Once the deal is done, Discovery will take on $55 billion in debt, a sum the company will be under pressure to start repaying immediately. Discovery has also pledged to find $3 billion in savings between the two companies, which will almost certainly result in layoffs, particularly for overlapping business functions.

And Discovery, which has a long history of creating low-cost nonfiction shows, has indicated it won’t necessarily spend at the breakneck pace that has become de rigueur in entertainment.

“We plan to be cautious and judicious,” Mr. Zaslav told investors in February. “Our goal is to compete with the major streaming services, not win the spending war.”

He pointed out that HBO’s recent series of scripted dramas, including “Euphoria,” “The Gilded Age” and “Succession,” seemed more than enough for the network.

“Would HBO do much better if it had three more really successful scripted series right now?” Mr. Zaslav said in February. “It’s not clear they would be.”

Mr. Zaslav, who is expected to hold a forum next week for the roughly 40,000 employees of Warner Bros. Discovery, has already begun to reshuffle the direction of the company. Jason Kilar, the chief executive of WarnerMedia for two years, and the head of Warner Bros., Ann Sarnoff, as well as a number of corporate executives in charge of communications, revenue, human resources, technology, of legal and finance, were on their way well before the takeover of Discovery.

Mr. Zaslav brought in several of his longtime lieutenants for key positions in the new company and broke down some hierarchical structures. WarnerMedia’s chief content officers, Casey Bloys of HBO and Toby Emmerich and Channing Dungey of Warner Bros., will all report directly to Mr. Zaslav.
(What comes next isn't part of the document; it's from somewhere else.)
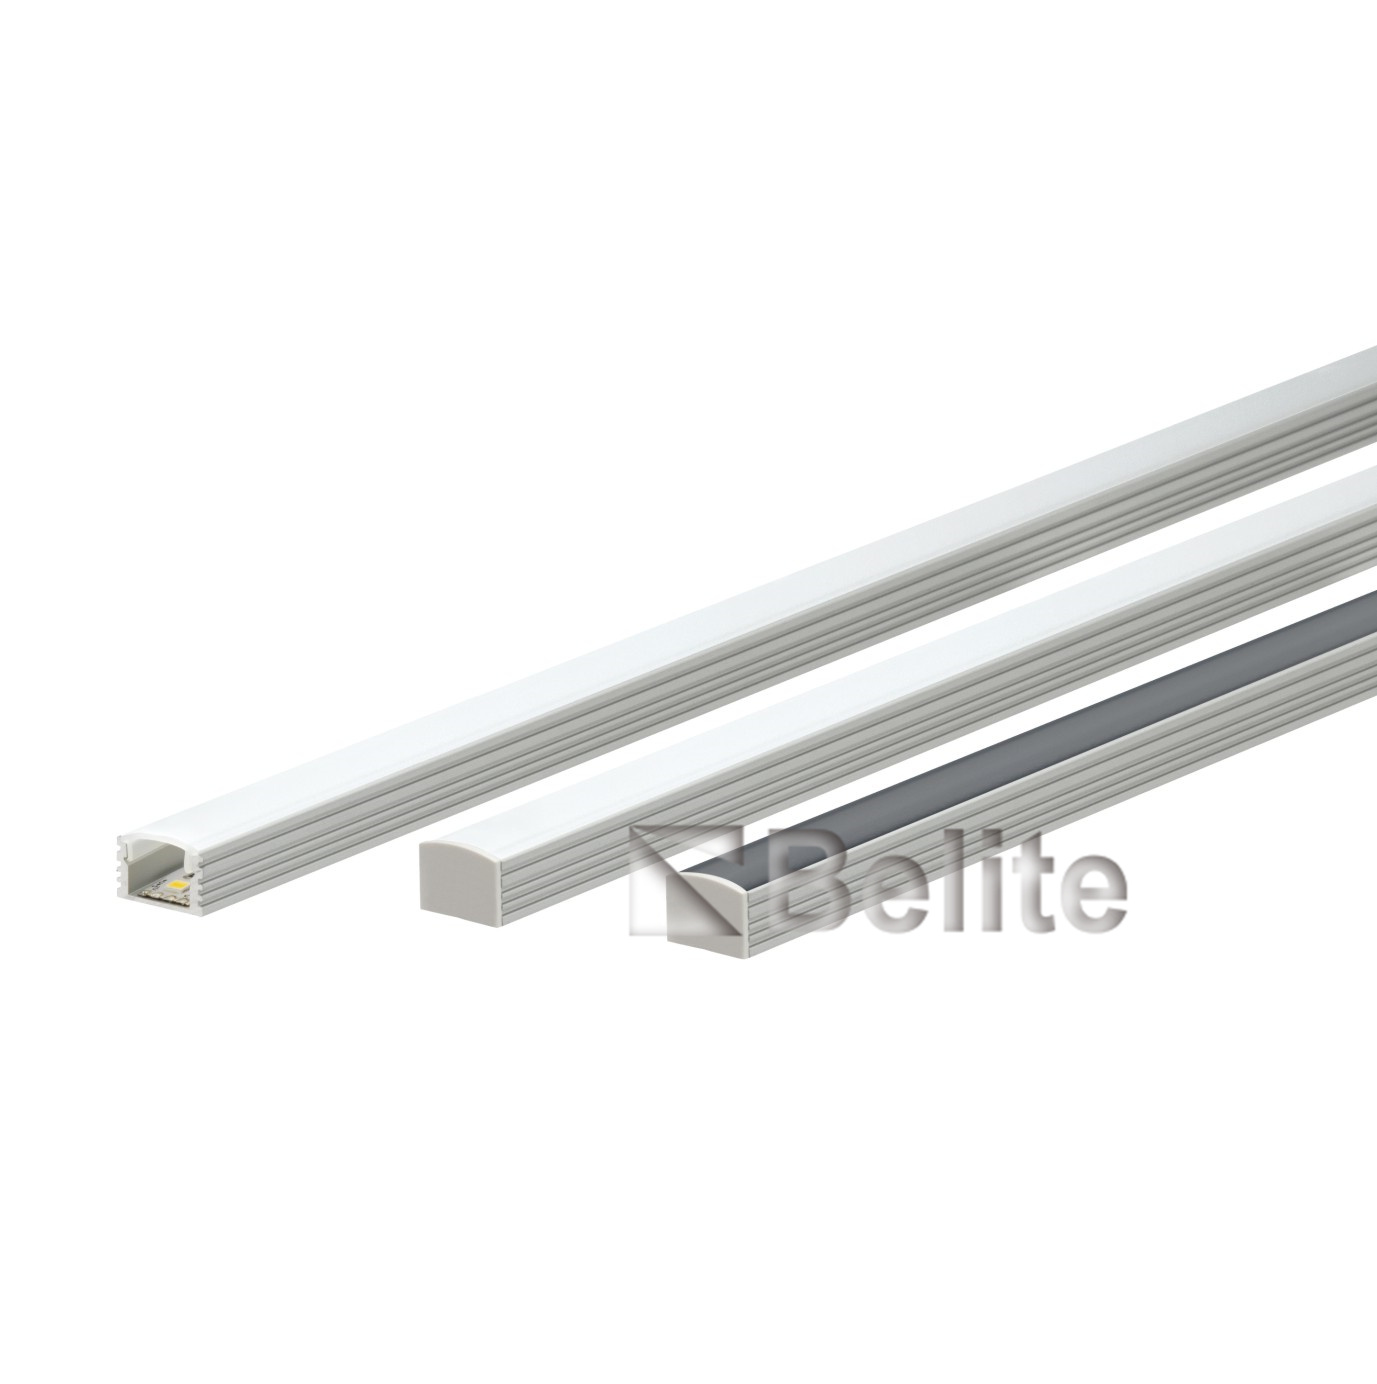 BELITE led linear light indoor high quality surface mounted modern style

The deal brings another management change at WarnerMedia, which has undergone a major corporate restructuring over the past few years, and gone through stormy owners over the past two decades, including one led by AOL in the 2000s. , as well as AT&T, its most recent owner.

AT&T bought WarnerMedia (formerly Time Warner) in 2018 for $85.4 billion with the promise of bringing streaming video to millions of mobile phones. But under a huge debt burden and facing intense competition in the wireless industry, AT&T quickly reversed its ill-fated foray into entertainment and pledged to return to core fiber and wireless businesses. 5G.

“What an embarrassing chapter for what was once one of America’s most legendary companies,” one analyst noted last year.

The new company could cause changes among existing media companies, forcing smaller companies like Paramount to scramble to find a way to scale.

“There’s Disney, HBO Max, Netflix, Amazon and Apple – that’s five,” said media analyst Michael Nathanson, pointing to the major streaming services. “You don’t want to be in position six, seven or eight. At some point they will say, ‘We have to find a dance partner.’ »

The bigger question will be what will happen to HBO Max and Discovery+, the merged companies’ streaming services. Initially, the two might be sold as a bundle, but over time they’ll likely be combined into one giant streaming service.

HBO and HBO Max, which consist of new TV series and movies, plus an impressive lineup from the Warner Bros. library, boast over 70 million subscribers; Discovery+ has more than 20 million.

Even combined, that pales in comparison to Netflix, which has more than 220 million paid subscribers, most of them outside the United States. HBO Max only recently expanded into overseas territory, though Discovery has built a strong international business.

“A new giant is born when it proves that it has international stature,” Mr. Nathanson said of Warner Bros. Discovery. “I don’t think the Discovery content on HBO Max in the US is a needle mover. But because international is such uncontested territory, they can have more impact outside of the United States.